Journalists talk about their release seven years after the “Black Spring”

The words “Definitive Departure” were stamped in the passports of all the Cuban journalists who were released in July and August in exchange for a forced exile. A total of 27 of them were arrested because of their opinions during the “Black Spring” crackdown of March 2003, and were given sentences ranging from 14 to 27 years in prison. Nineteen of them were still in prison at the time of the dynastic transfer of power between the Castro brothers in February 2008. Now – together with four other journalists who were arrested subsequently – six of the original 27 are still waiting to be released from prison and, almost certainly, to be sent into exile as well.
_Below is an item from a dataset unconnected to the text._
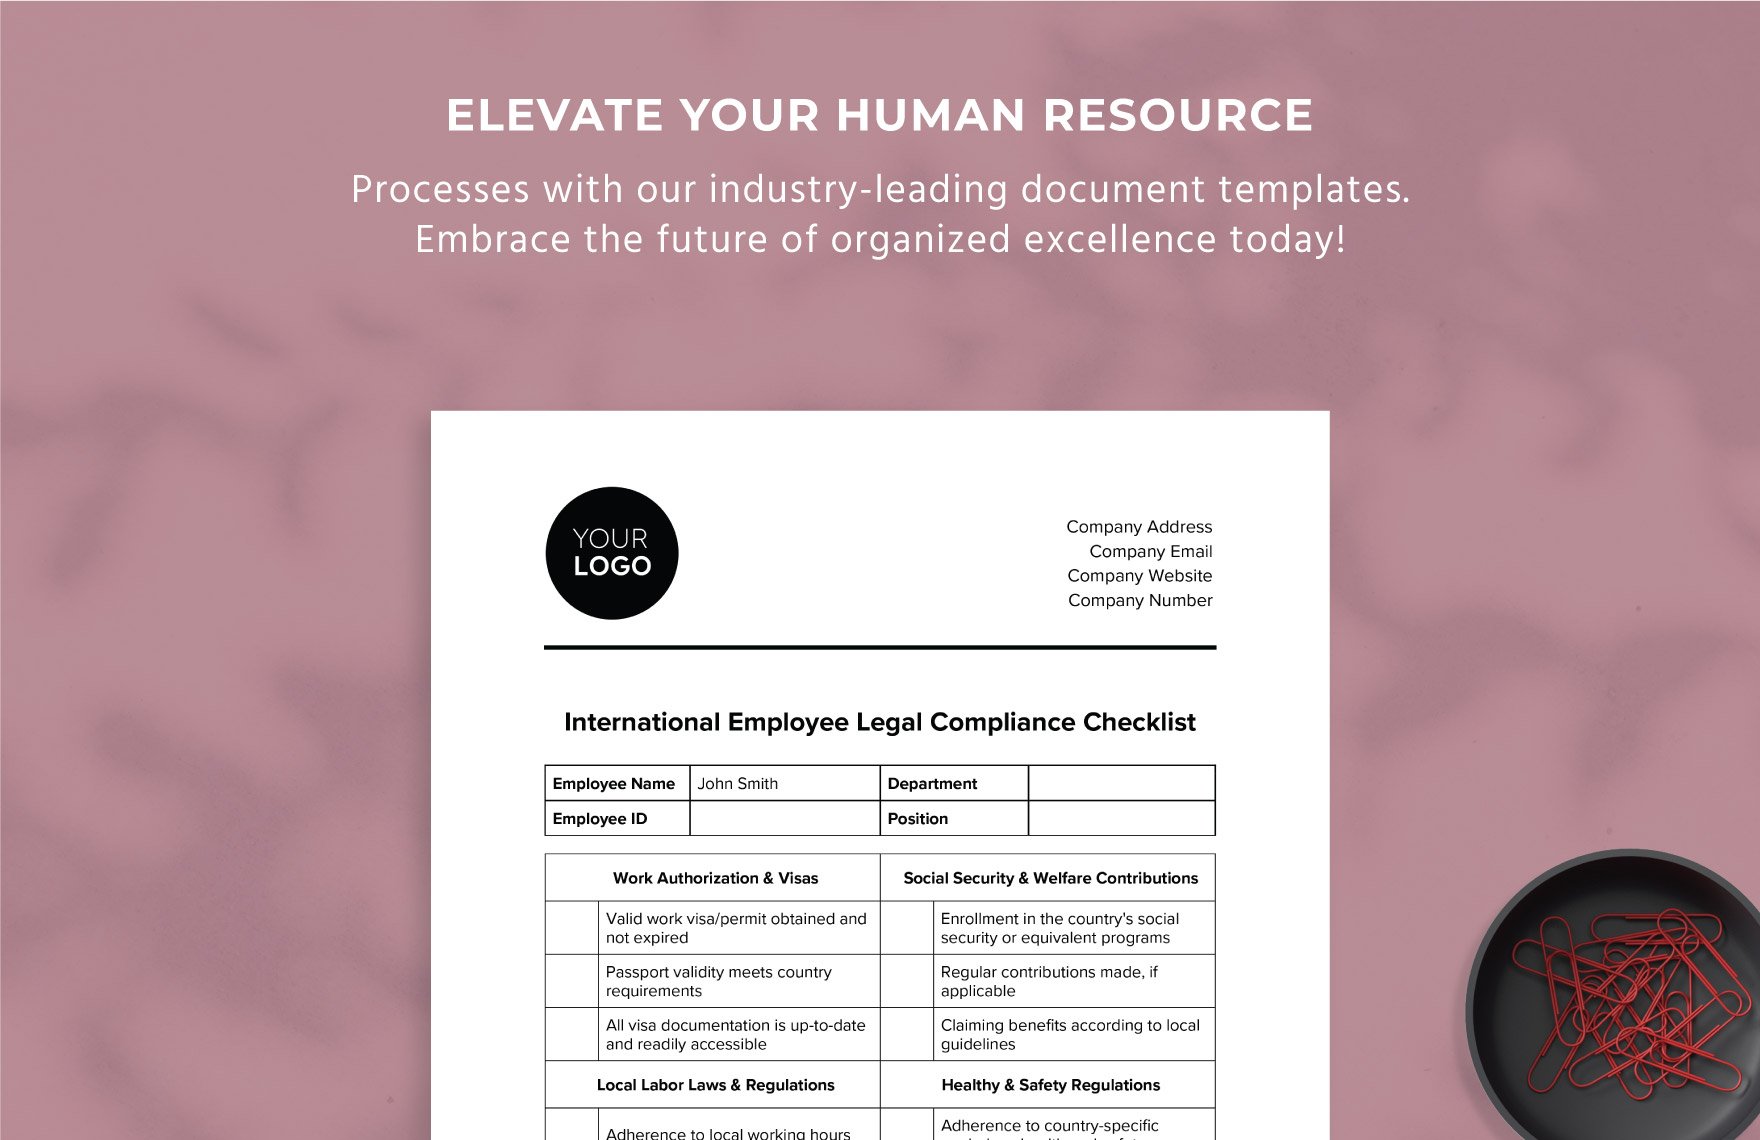 International Employee Legal Compliance Checklist HR Template

Have they recovered their “freedom”? Not according to the journalists who were interviewed for this video in Madrid on 19 and 20 August, just as three more were arriving from Havana. “I will be free when my country is free,” said Ricardo González Alfonso, Reporters Without Borders correspondent and founder of the magazine De Cuba. Part one
Part two
The forced exile of these independent journalists is clearly not a sign of the “opening” on the part of the Cuban government that some have been hoping for. We nonetheless welcome the fact that these men, whose only crime was to try to do reporting that was not controlled by the authorities, can finally start a new life. We also hail everything the Spanish government and the Cuban Catholic Church have done to help them. And we finally reiterate our view that the absurd US embargo that has been in place since 1962 must be lifted in order to force the Castro regime to keep its international undertakings.